AIMAJan 28

Planner-Auditor Twin: Agentic Discharge Planning with FHIR-Based LLM Planning, Guideline Recall, Optional Caching and Self-Improvement

arXiv:2601.21113v1
Originality Incremental advance
AI Analysis

This addresses safety and reliability issues in automated discharge planning for healthcare, though it is incremental as it builds on existing LLM and auditing methods.

The paper tackled the problem of hallucination, omissions, and miscalibrated confidence in LLMs for clinical discharge planning by introducing a Planner-Auditor framework, which increased task coverage from 32% to 86% and improved calibration metrics like Brier score and ECE.

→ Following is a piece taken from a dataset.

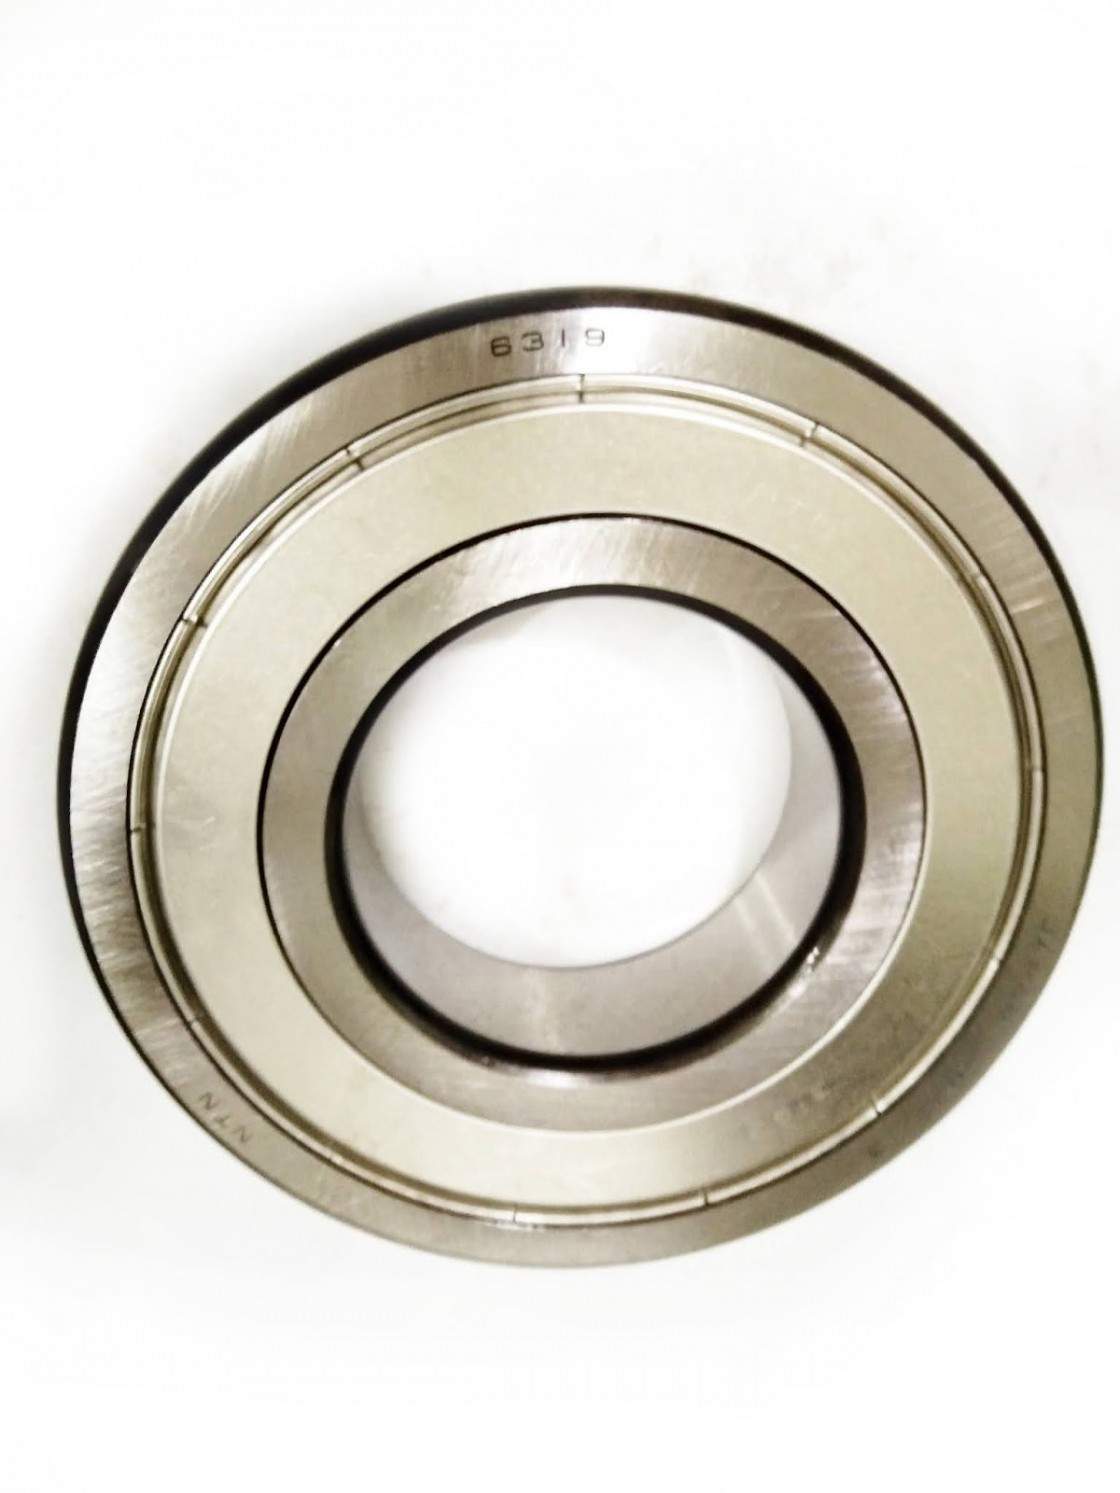 Koyo NSK NTN Japan deep groove ball bearing 6207-2rs 6207 2RS ZZ C3 bearing price list

Objective: Large language models (LLMs) show promise for clinical discharge planning, but their use is constrained by hallucination, omissions, and miscalibrated confidence. We introduce a self-improving, cache-optional Planner-Auditor framework that improves safety and reliability by decoupling generation from deterministic validation and targeted replay. Materials and Methods: We implemented an agentic, retrospective, FHIR-native evaluation pipeline using MIMIC-IV-on-FHIR. For each patient, the Planner (LLM) generates a structured discharge action plan with an explicit confidence estimate. The Auditor is a deterministic module that evaluates multi-task coverage, tracks calibration (Brier score, ECE proxies), and monitors action-distribution drift. The framework supports two-tier self-improvement: (i) within-episode regeneration when enabled, and (ii) cross-episode discrepancy buffering with replay for high-confidence, low-coverage cases. Results: While context caching improved performance over baseline, the self-improvement loop was the primary driver of gains, increasing task coverage from 32% to 86%. Calibration improved substantially, with reduced Brier/ECE and fewer high-confidence misses. Discrepancy buffering further corrected persistent high-confidence omissions during replay. Discussion: Feedback-driven regeneration and targeted replay act as effective control mechanisms to reduce omissions and improve confidence reliability in structured clinical planning. Separating an LLM Planner from a rule-based, observational Auditor enables systematic reliability measurement and safer iteration without model retraining. Conclusion: The Planner-Auditor framework offers a practical pathway toward safer automated discharge planning using interoperable FHIR data access and deterministic auditing, supported by reproducible ablations and reliability-focused evaluation.